1. Field of the Invention
The invention relates to a spray powder on a tungsten carbide basis and to a method for the manufacture of such a spray powder for the thermal coating of a substrate, in particular for the thermal coating of a brake disc of a vehicle, as well as to a substrate, in particular a brake disc having a thermal spray layer on a tungsten carbide basis, and to a method for the manufacture of a thermal spray layer in accordance with the preamble of the independent claim of the respective category.
2. Discussion of Background Information
Coatings applied by thermal spraying have been known for a long time for a plurality of applications. Thus, for example, surfaces of cylinder running surfaces lubricated by oil in vehicle motors have been coated for a very long time, amongst other things, by plasma spraying, wherein the layer significantly reduces, in particular the coefficient of friction which is effective between the piston ring and the cylinder wall, such that the wear of the piston rings and the cylinders is significantly reduced which leads to an increase of the running performance of the motor, an increase of the period of the interval between maintenance, for example, an oil change, and not least to a significant increase in the performance of a motor.

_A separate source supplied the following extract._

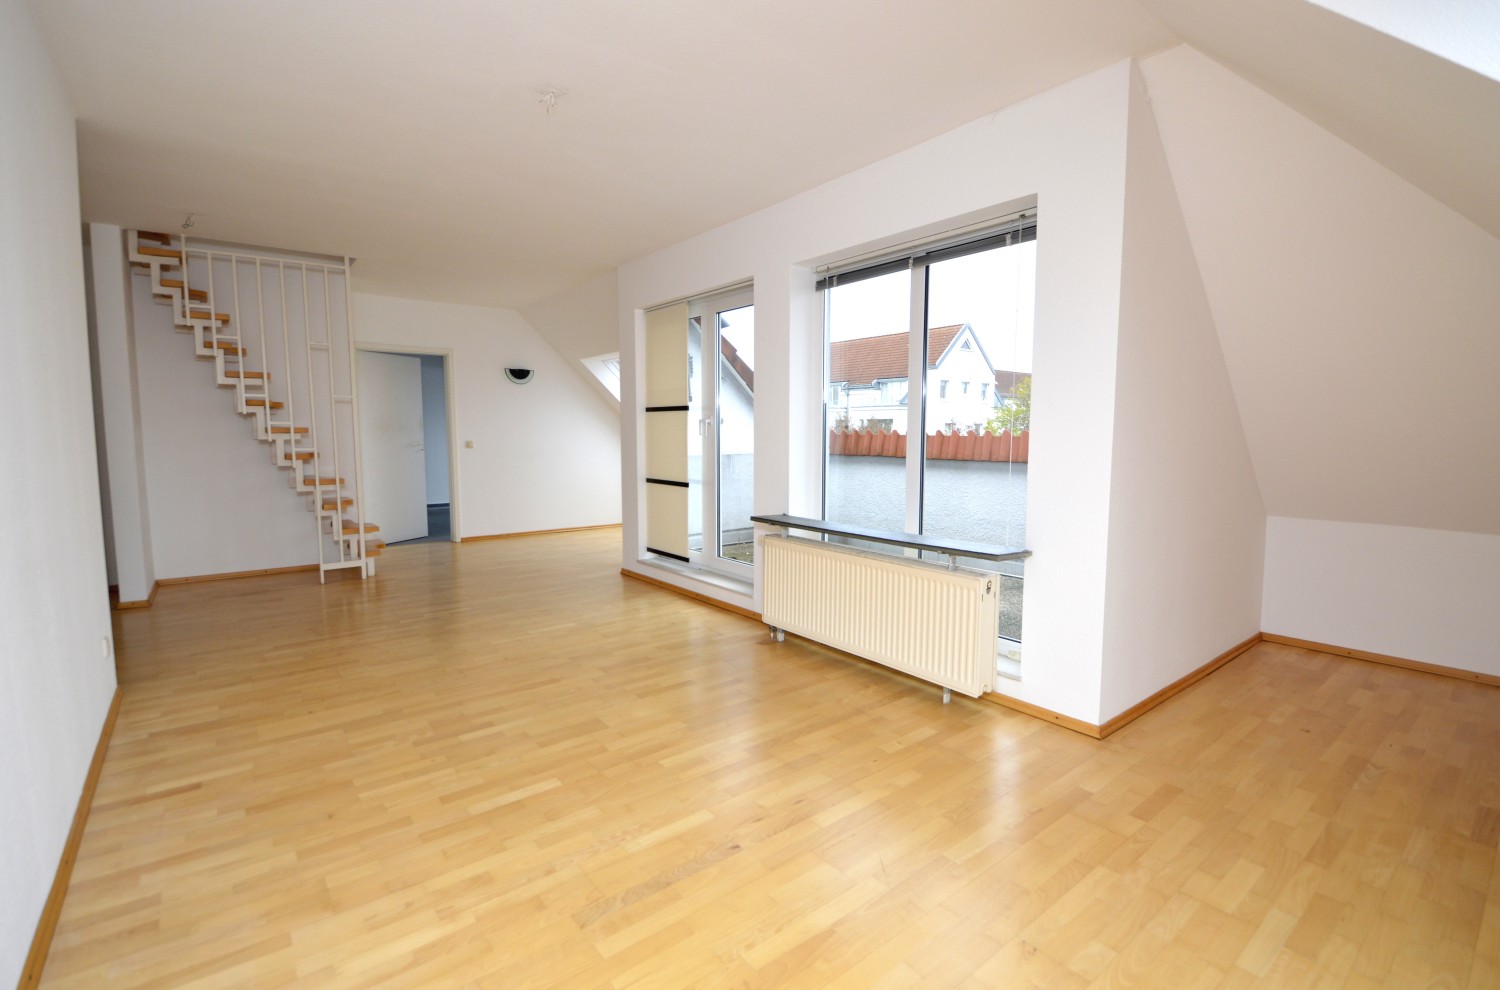 AP Immobilien GmbH - Ihr IVD Immobilienmakler aus Mainz - 65199 Wiesbaden

Further typical applications of surfaces applied by thermal spraying are the coating of turbine parts with wear protective layers and thermal barrier layers of components of oil or dry lubricated bearings, such as the coating of crank bearings or other work pieces which are subjected to particular physical, chemical or thermal loads. Depending on the purpose the layer has to satisfy, very particular materials, generally in the form of spray powders or spray wires are used, which materials have the required specific properties and composition in order to generate the required properties of the surface layer to be sprayed.
A different application example is the provision of a friction surface at a surface which serves precisely the reverse purpose and should increase the friction between the substrate and a friction partner to be brought into contact with the substrate, with the substrate itself simultaneously being protected against wear and/or damage.
Thus, it is, for example, already known from the DE 43 21 713 A1 to provide brake discs for vehicles having a thermal spray layer, in order to, on the one hand, increase the braking effect on braking the vehicle and to, on the other hand, simultaneously protect the substrate, this means the brake disc, itself from direct wear and in this way to finally also increase the lifetime of the brake disc.
In this connection, the requirements on the braking systems, in particular in the automotive industry, and also in the e.g. aeronautical field have continuously increased. The braking systems must also controllably and reliably brake relatively heavy vehicles or aeroplanes, moreover at high speeds and at adverse conditions, such as aquaplaning. This represents high demands in effort and cost, not only with respect to e.g. the adhesive tensile strength of the friction coating at the braking disc, but also with respect to the physical parameters, such as the micro-hardness and the macro-hardness, the thermal stability of the properties of the friction layers etc. In this connection, the friction layers alone should be manufacturable relatively simply and if possible with established methods already for economic reasons and the materials used for the coating should have a simple structure in their chemical composition and should be able to be manufactured with comparatively little demand in effort and cost. Moreover, at the same time the friction layers should simultaneously have a long lifetime, this means, wear as little as possible during operation from a mechanical point of view and besides this also be sufficiently resistant with respect to the very high temperature developments on braking and also with respect to chemical attacks, such as e.g. be as resistant as possible with respect to corrosion, such that the long periods between maintenance and/or periods between replacement can be realized.
The solutions known from the state of the art in this connection can generally only optimize one specific or at most a few of the previously mentioned aspects, wherein a compromise has to be made with respect to the other properties.
In order to at least partly balance out the disadvantages, in part comparatively demanding coating methods having complicated layer systems have been suggested with respect to the brake discs. Thus, in the DE 10 2009 008 114 A1 a brake disc having a tungsten carbide based coating is suggested, wherein the tungsten carbide coating, applied by means of thermal spray method, has to be post-treated by means of carbonizing, oxidizing, gas nitro carbonizing or a different gas or plasma-based method.
The post-treatment in this connection is compulsory necessary in order to achieve a hardness of the friction area close to the surface in that a wear resistant and corrosion resistant hardened surface layer is formed through the diffusion of the atoms from the plasma and/or gas phase.
This method is naturally very demanding in effort and cost, since after the thermal coating of the brake discs a gas treatment method has to be switched downstream in a compulsory manner which unnecessarily complicates the manufacture and makes it expensive.